» Given information
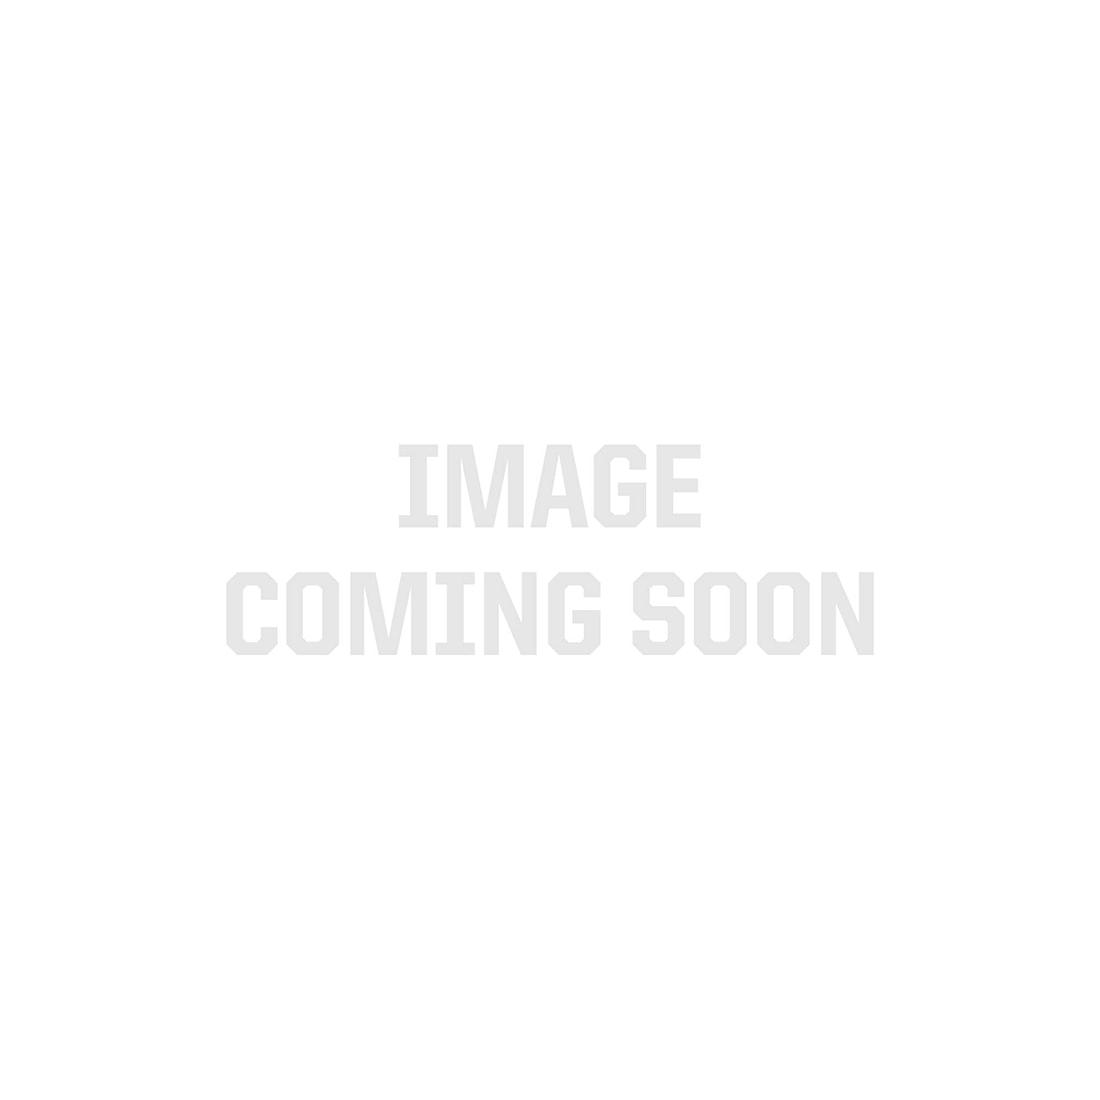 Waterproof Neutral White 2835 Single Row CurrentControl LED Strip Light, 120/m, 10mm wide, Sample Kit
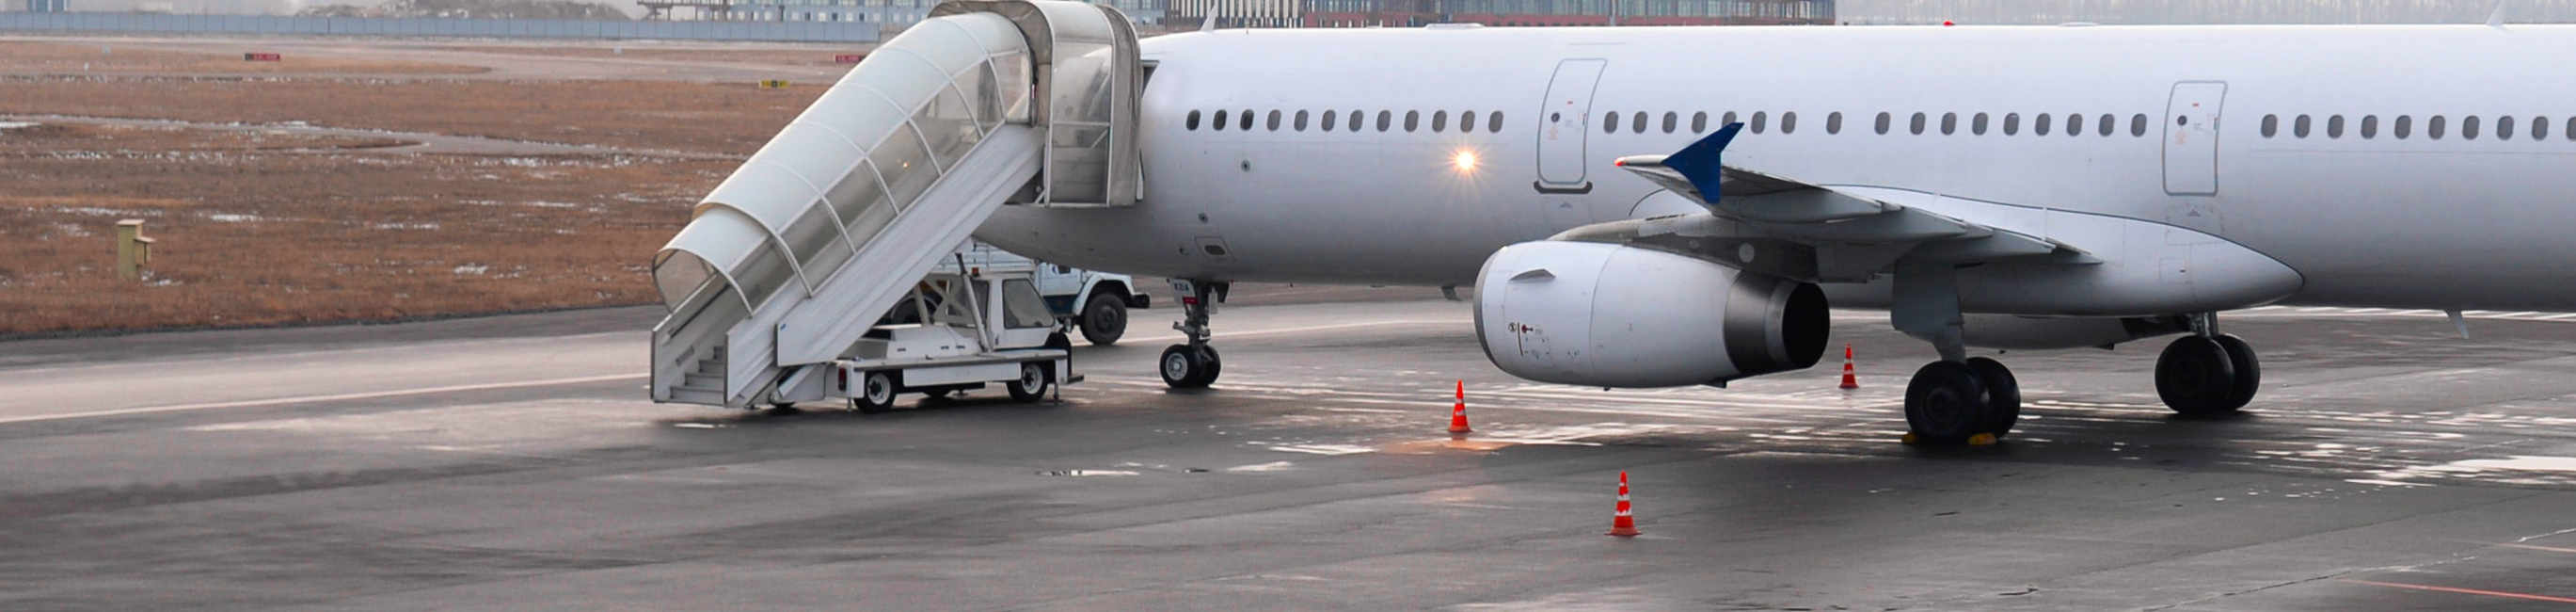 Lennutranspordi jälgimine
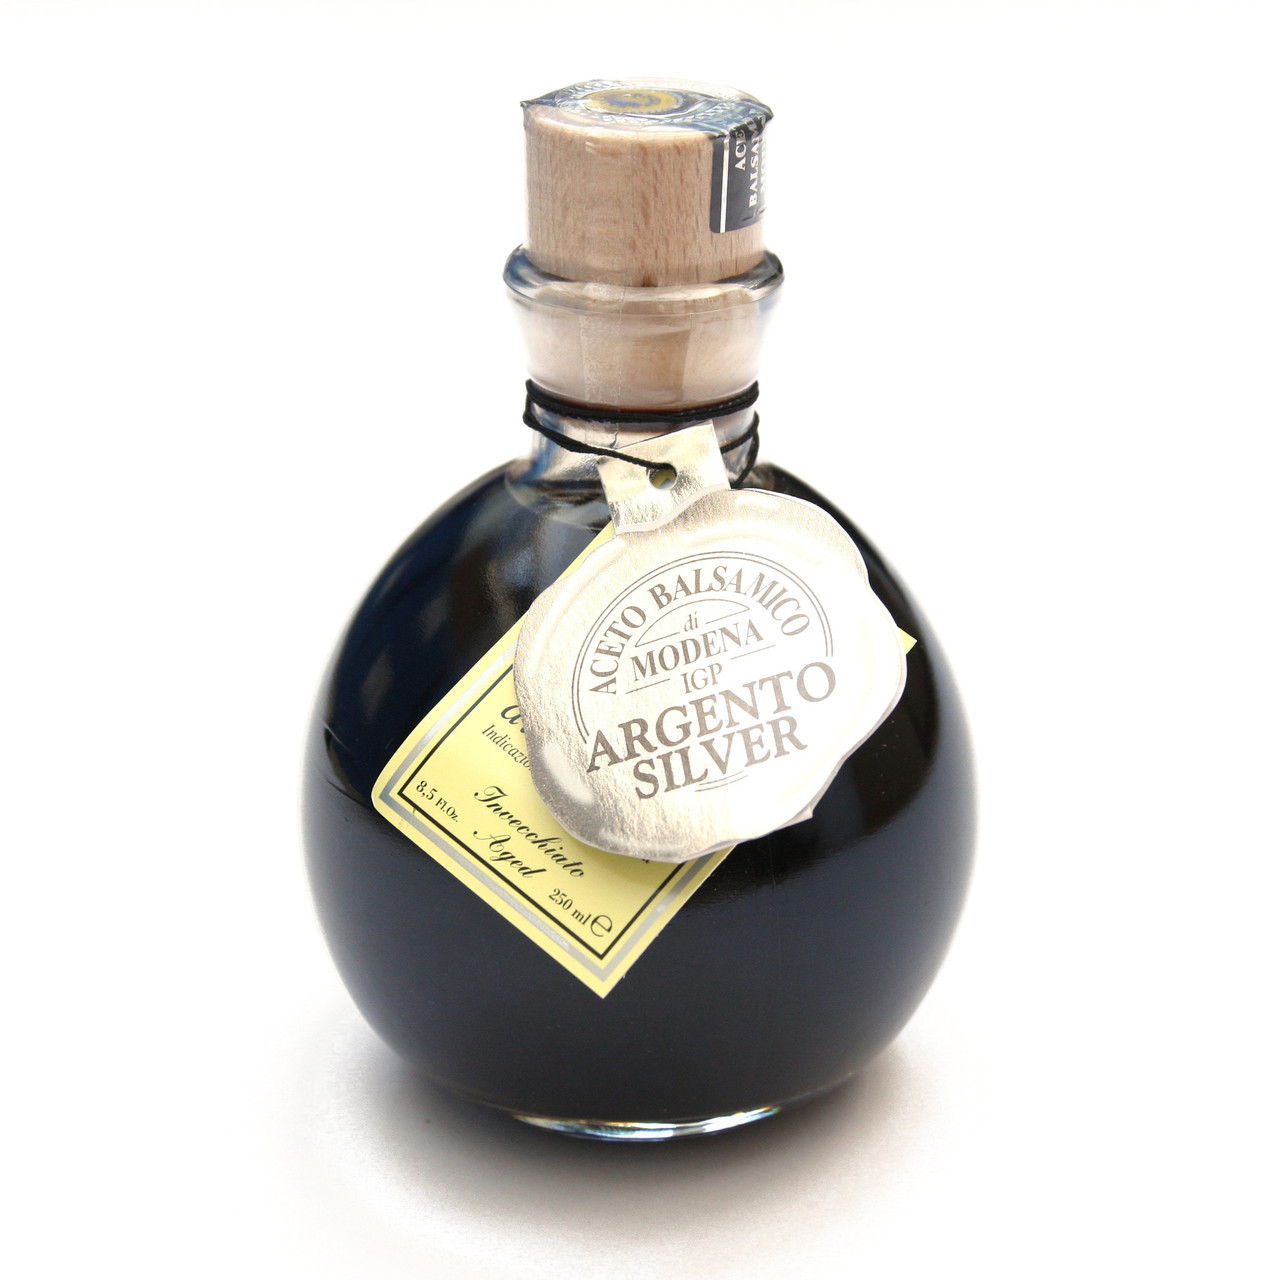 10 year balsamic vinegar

==

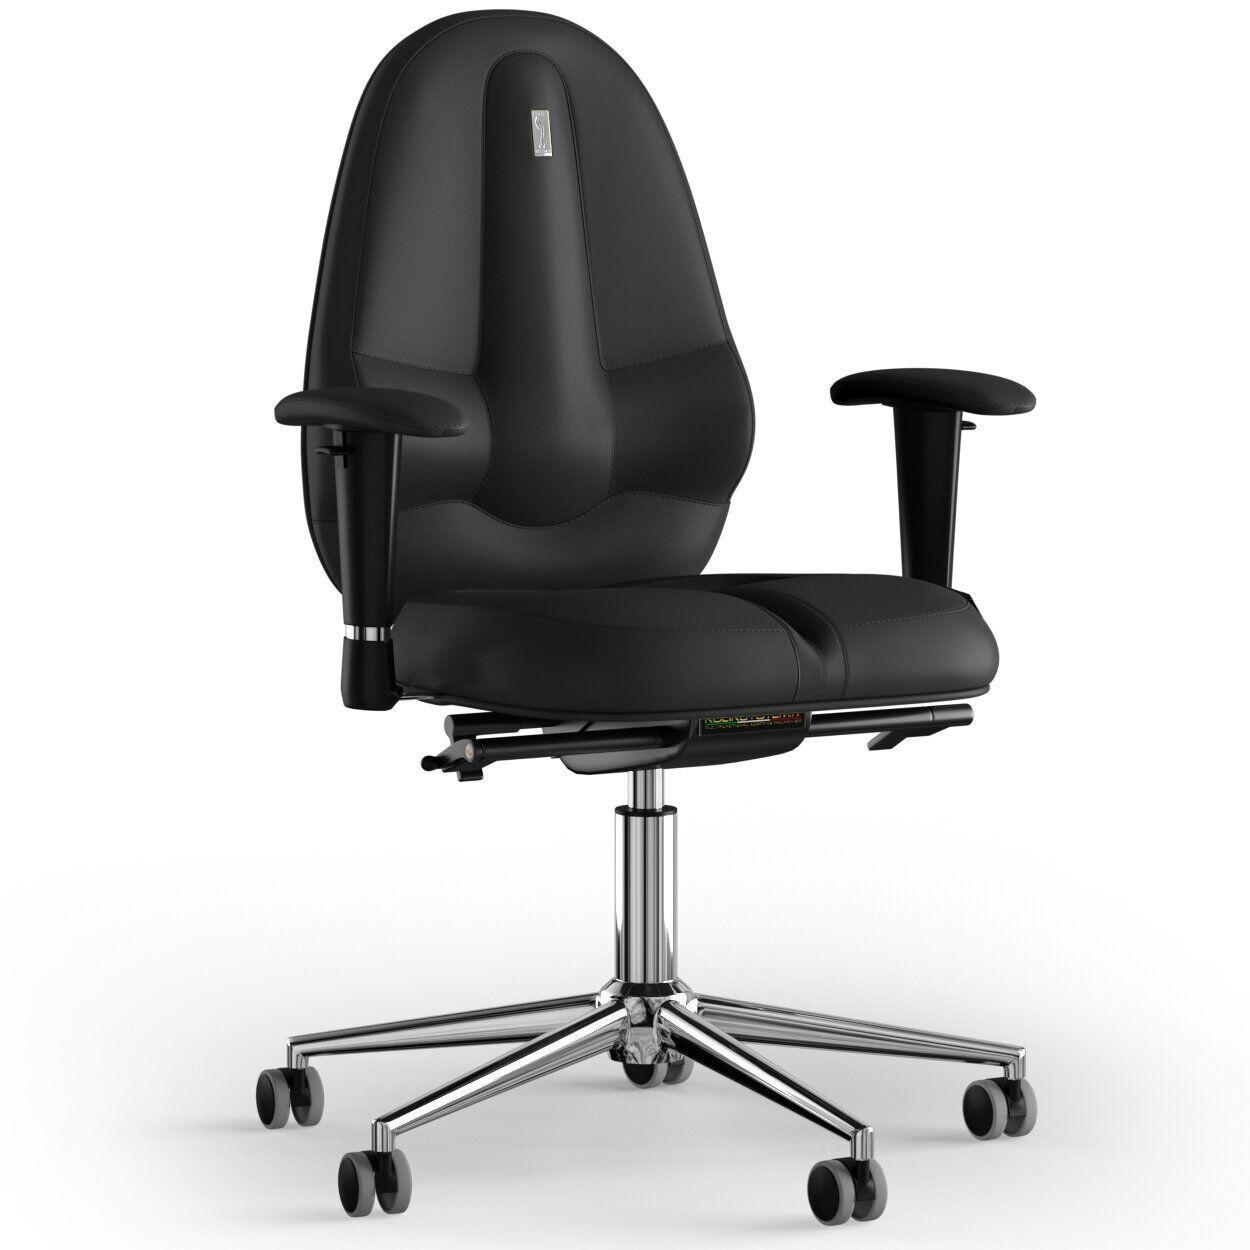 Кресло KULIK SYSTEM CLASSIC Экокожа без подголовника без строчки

--

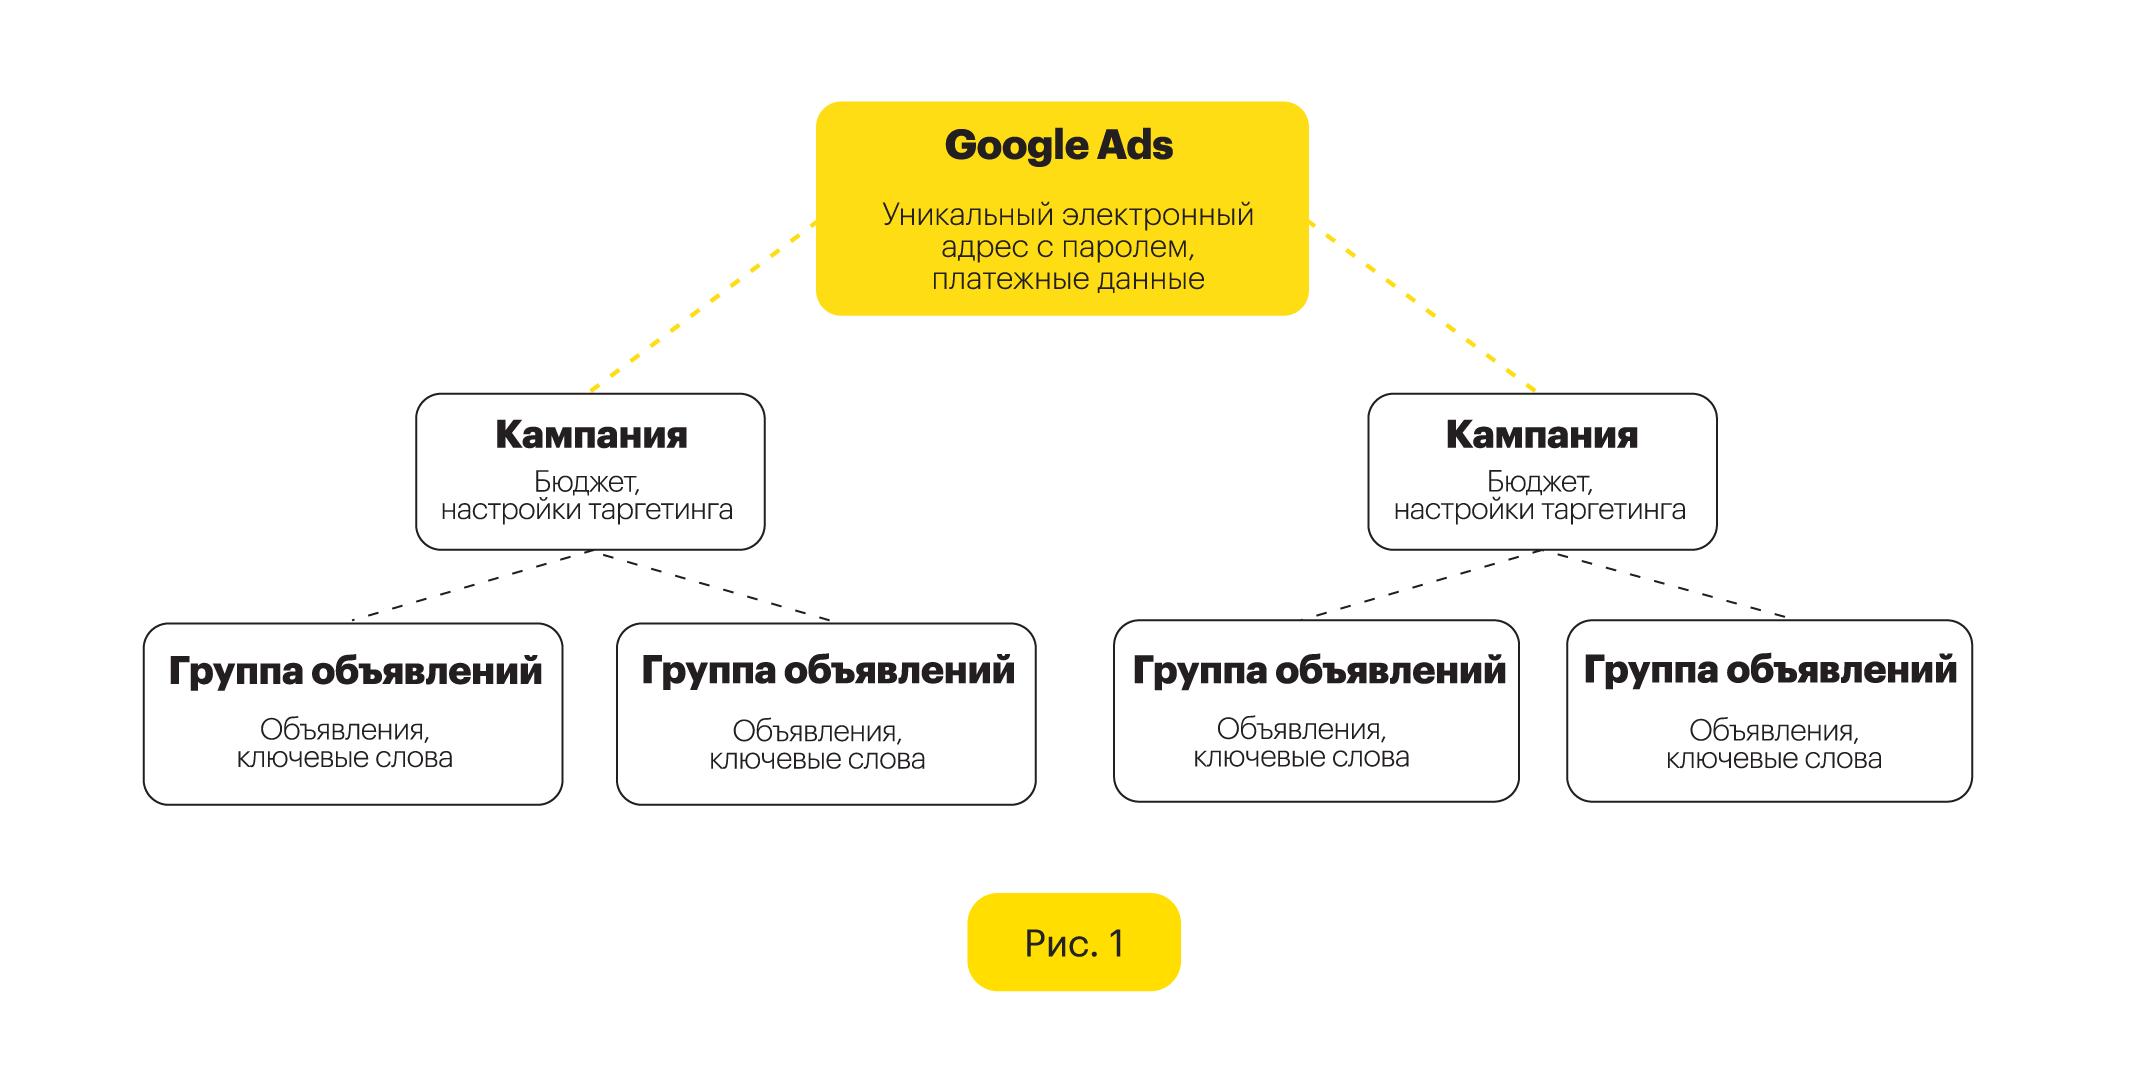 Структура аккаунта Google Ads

» Try it
Look above and copy only the lines from the one holding "Waterproof Neutral White" to the one holding "10 year balsamic vinegar", both included, exactly, minus the pictures.

» Final answer
 Waterproof Neutral White 2835 Single Row CurrentControl LED Strip Light, 120/m, 10mm wide, Sample Kit
 Lennutranspordi jälgimine
 10 year balsamic vinegar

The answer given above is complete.